Data below
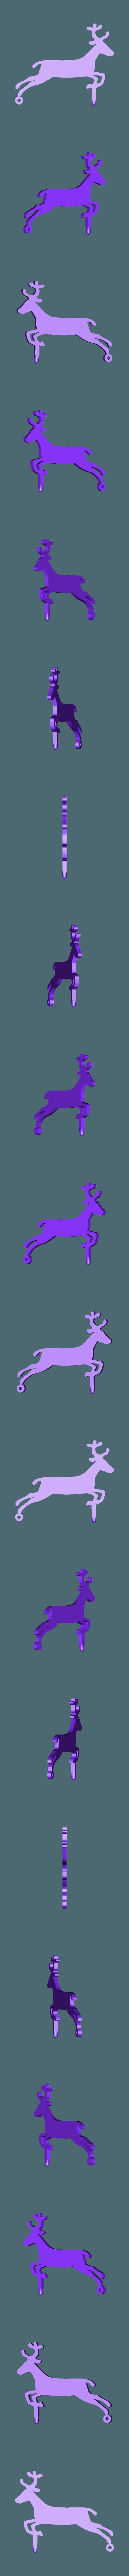 Reindeer.stl Télécharger fichier STL gratuit Santa Whirligig • Objet pour imprimante 3D, Sparky6548
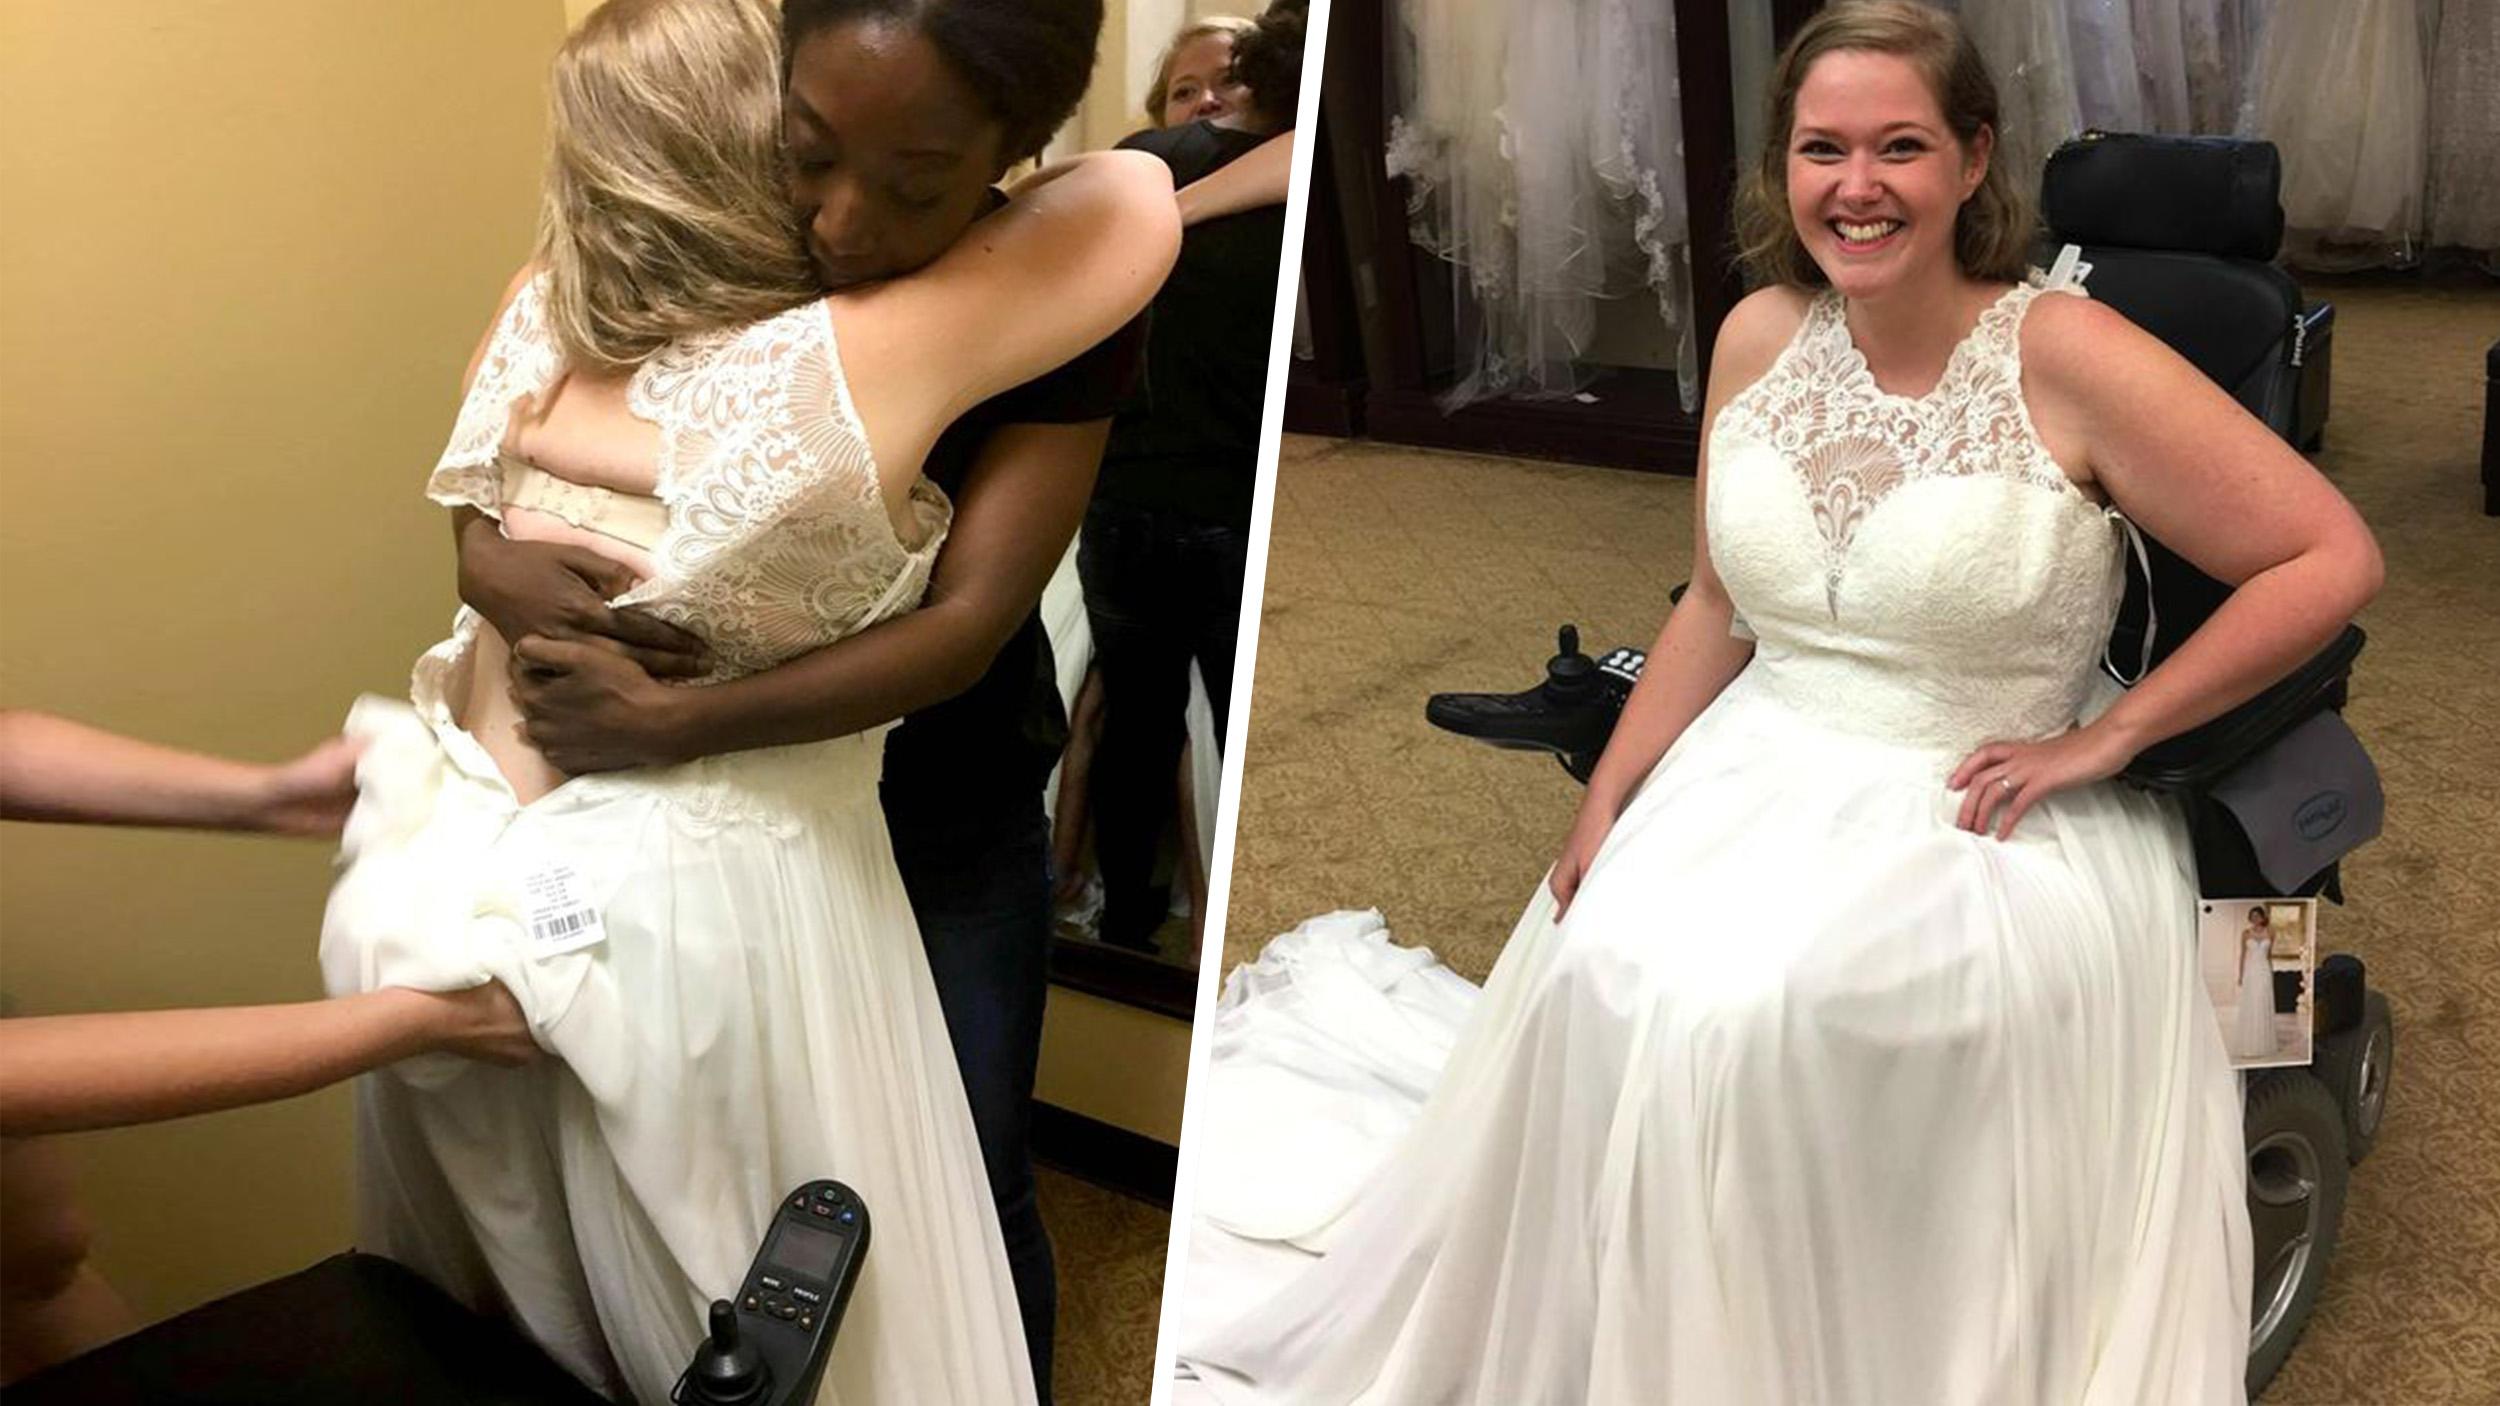 Shopping For A Wedding Dress In A Wheelchair
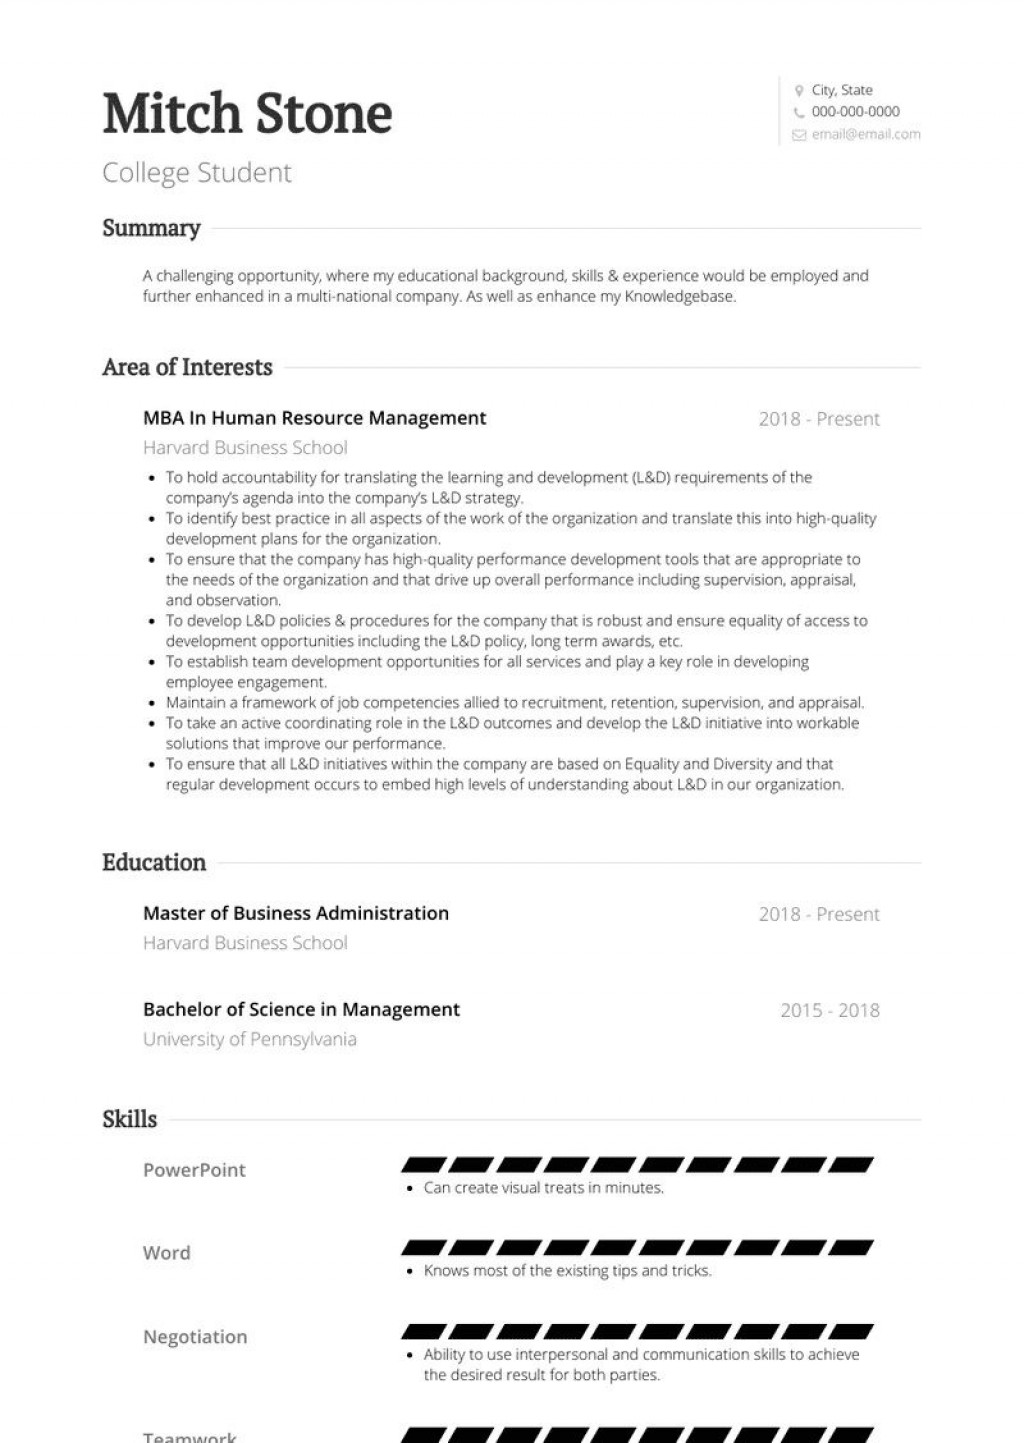 004 Striking Basic Student Resume Template High Def  Templates School Google DocLarge

Your goal
In your copy of the material, match every word exactly and include no pictures.

Completed task
 Reindeer.stl Télécharger fichier STL gratuit Santa Whirligig • Objet pour imprimante 3D, Sparky6548
 Shopping For A Wedding Dress In A Wheelchair
 004 Striking Basic Student Resume Template High Def  Templates School Google DocLarge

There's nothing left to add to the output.